One of the prosecution's witnesses had been a member of the Administration whose job had put him in daily contact with McCord.When his direct examination concluded, Judge Sirica recessed for lunch. As we exited the courtroom, I spotted the witness walking down the corridor with his lawyer. I went up to them and asked counsel if I could ask his client a few questions. "You may, unless I advise him not to."
"Sir, if I asked you to describe my client's reputation within the Committee To Re-Elect The President, what would you say?"
"Excellent. A dedicated public servant."
"And what is your opinion of his job performance?"
"The most competent and reliable security expert I've known."

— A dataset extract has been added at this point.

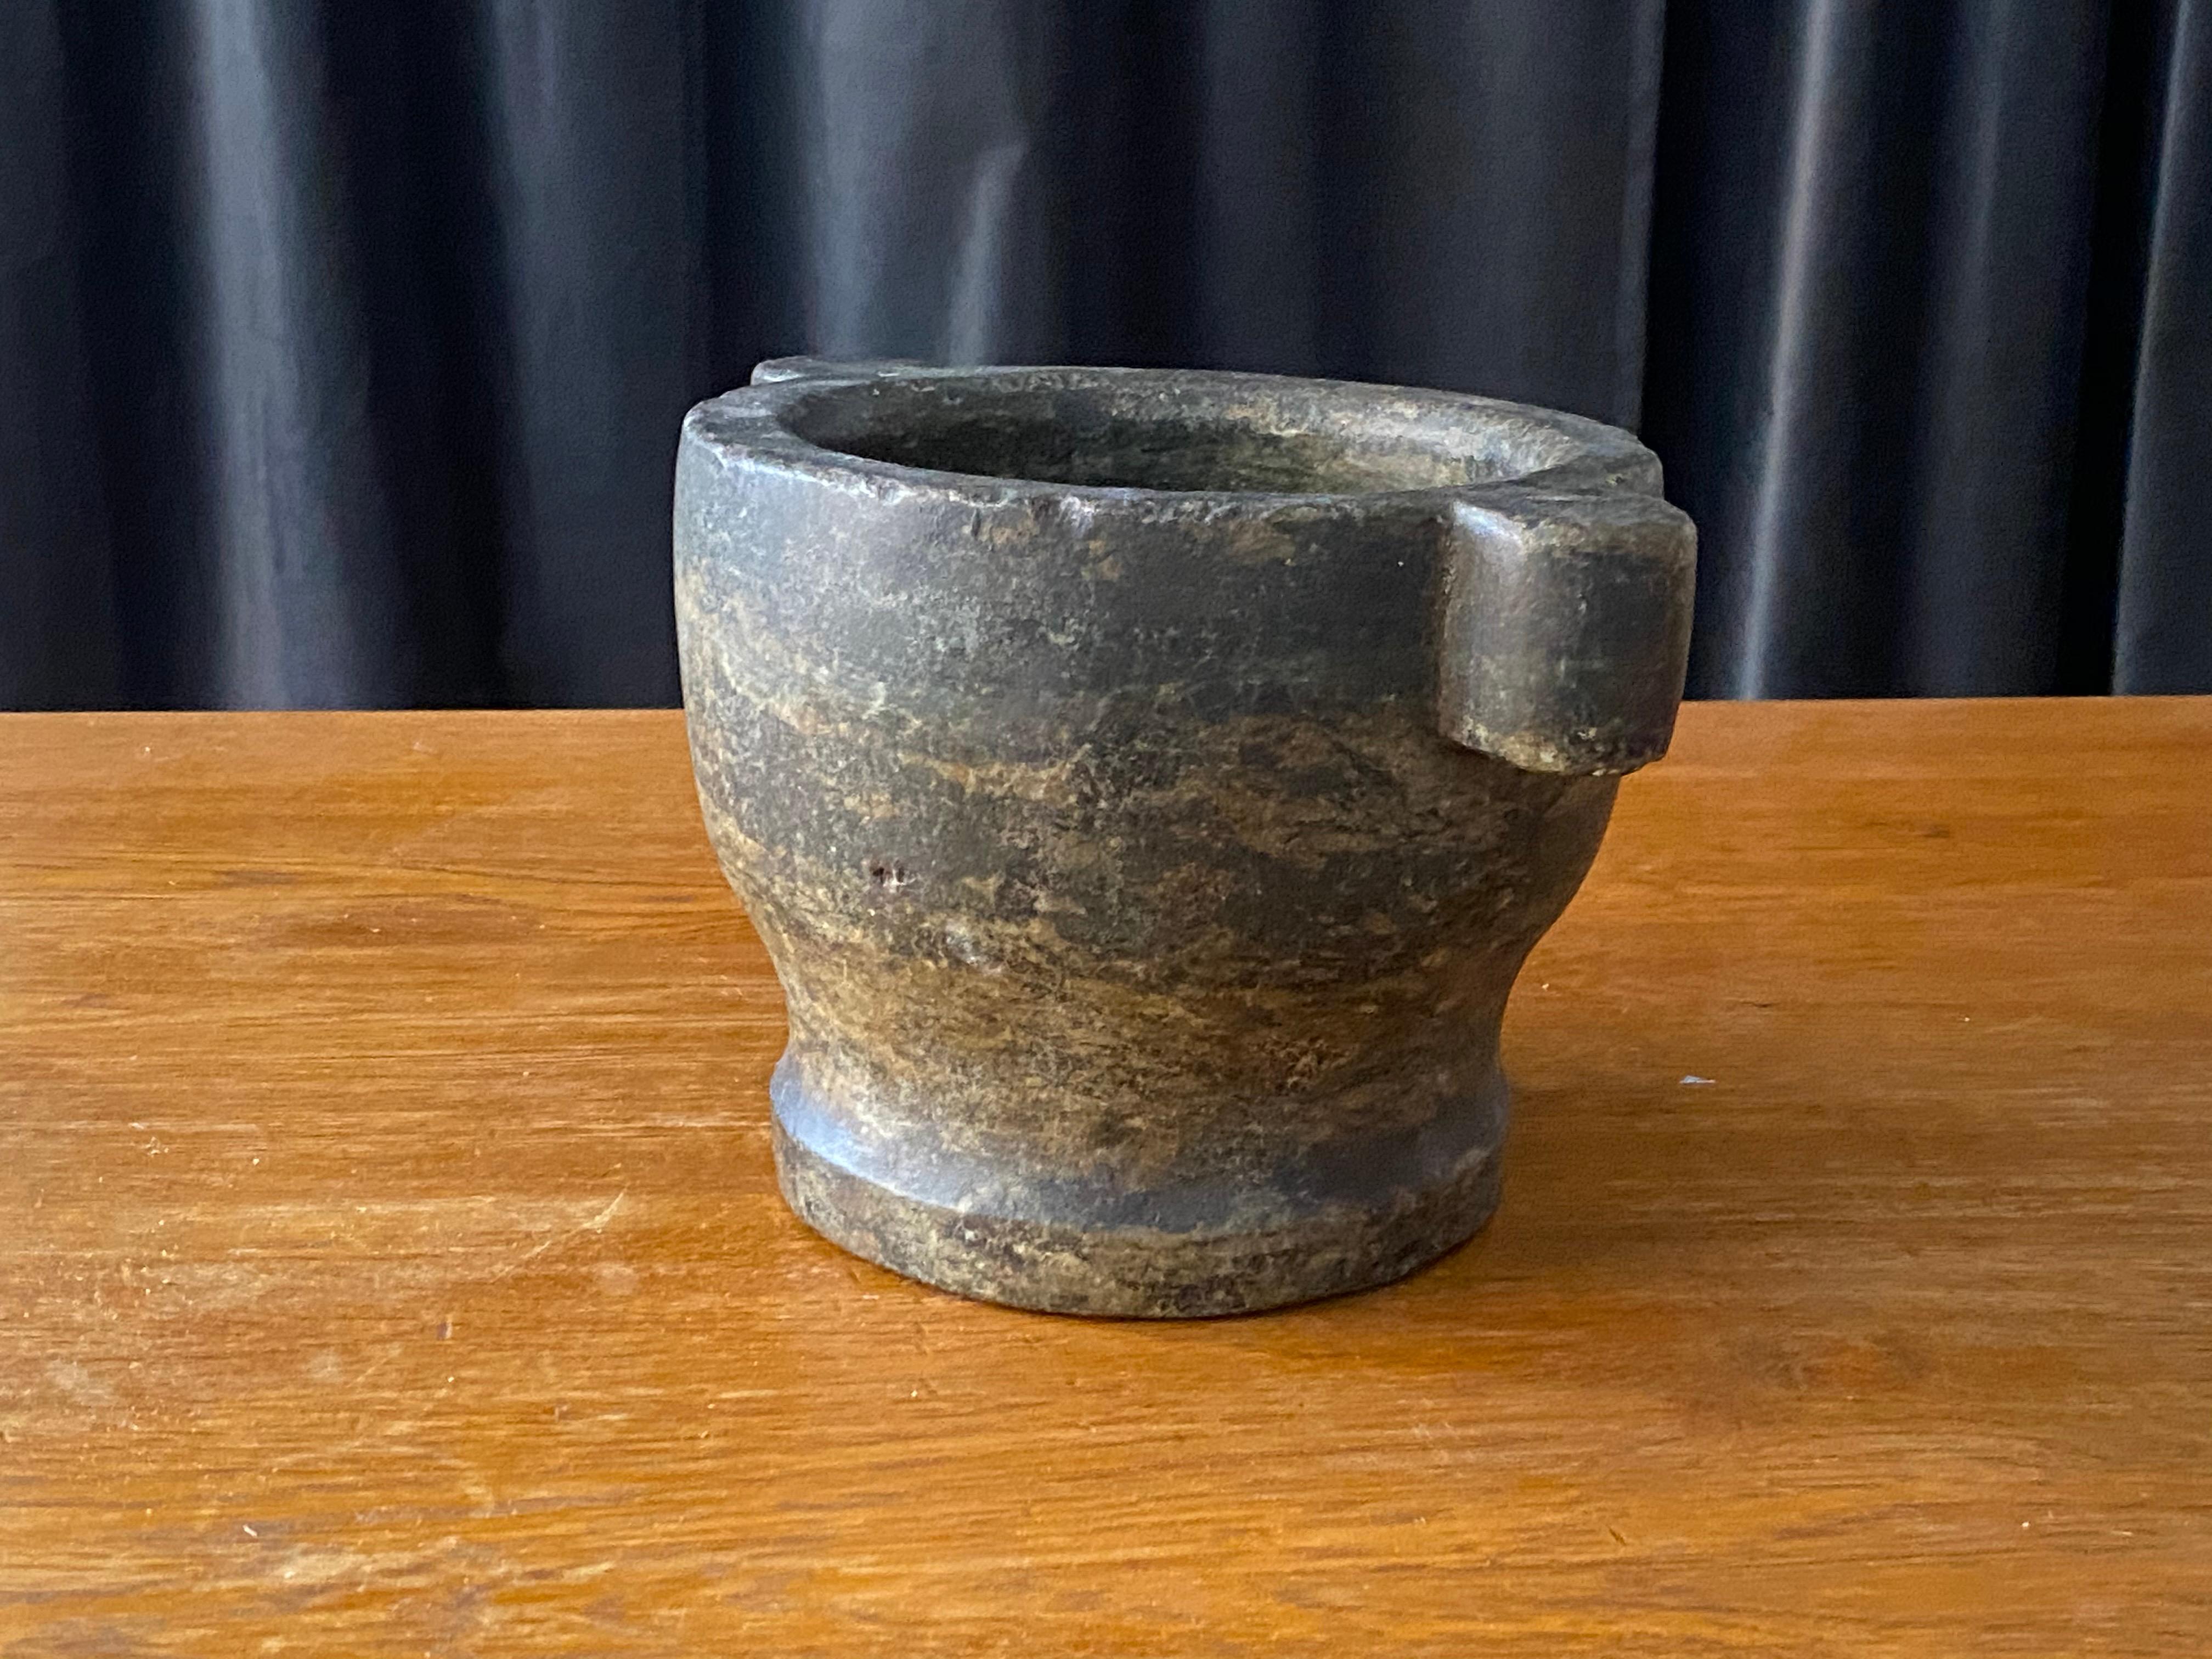 A unique sizable pestle or grinding bowl. Produced in Sweden, late 18th century. Produced in Swedish green marble, extracted in quarries in Kolmården, in the north-eastern part of the province of Östergötland in Sweden. It is fine-grained, with a

When court resumed and the witness retook the stand, I elected to cross-examine.
Same questions, same answers. The U.S. Attorney and Judge Sirica dropped their jaws. How could I have dared ask those questions of an adversarial witness? Was I one of the ominous co-conspirators yet to be revealed? A simple, non-complex and permissible pre-lunch encounter was never to be considered in the paranoid atmosphere that had permeated Washington.
My closing was centered on that cross-exam exchange. I kept repeating that "my client is not a criminal."
I kept pointing out that every crime required a criminal intent and my client didn't have it. He was not a criminal. Somehow, I argued for 45 minutes. Weak in substance but strongly presented. And, I had the jury's attention.
When I concluded, Judge Sirica called a 15 minute recess. The jurors rose and began to file out. This caused them to walk by the bench. As they did so, the judged said, to each one of them, "Keep your eye on the ball. Keep your eye on the ball."
To me, his meaning was clear. Don't let this medicine man pull the wool over your eyes. His client is guilty. Don't be taken in by smoke and mirrors.
My objection and renewed motion for mistrial was, not surprisingly, overruled.
Judge Sirica passed away in 1992. As a result of his prophetic conduct of the burglary trial and all subsequent "Watergate" trials, he has been universally hailed and saluted. I in no way seek to detract from his heralded legacy. I simply point out that, as a criminal defense attorney, it is my opinion that his attitude was inconsistent with the appearance of an impartial judge. It is not unusual for a judge to entertain a subjective conclusion as to the guilt or innocence of a defendant. But to publicize it as his compass for navigating a trial, is difficult for me to digest.
I am, no doubt, in a decided minority. Perhaps, that is as it should be. It cannot be denied that he was sincerely devoted to the administration of justice and that he is remembered as a patriot. In that sense, I deem myself fortunate to have been a witness to history being made.
May Chief Judge John J. Sirica rest in peace.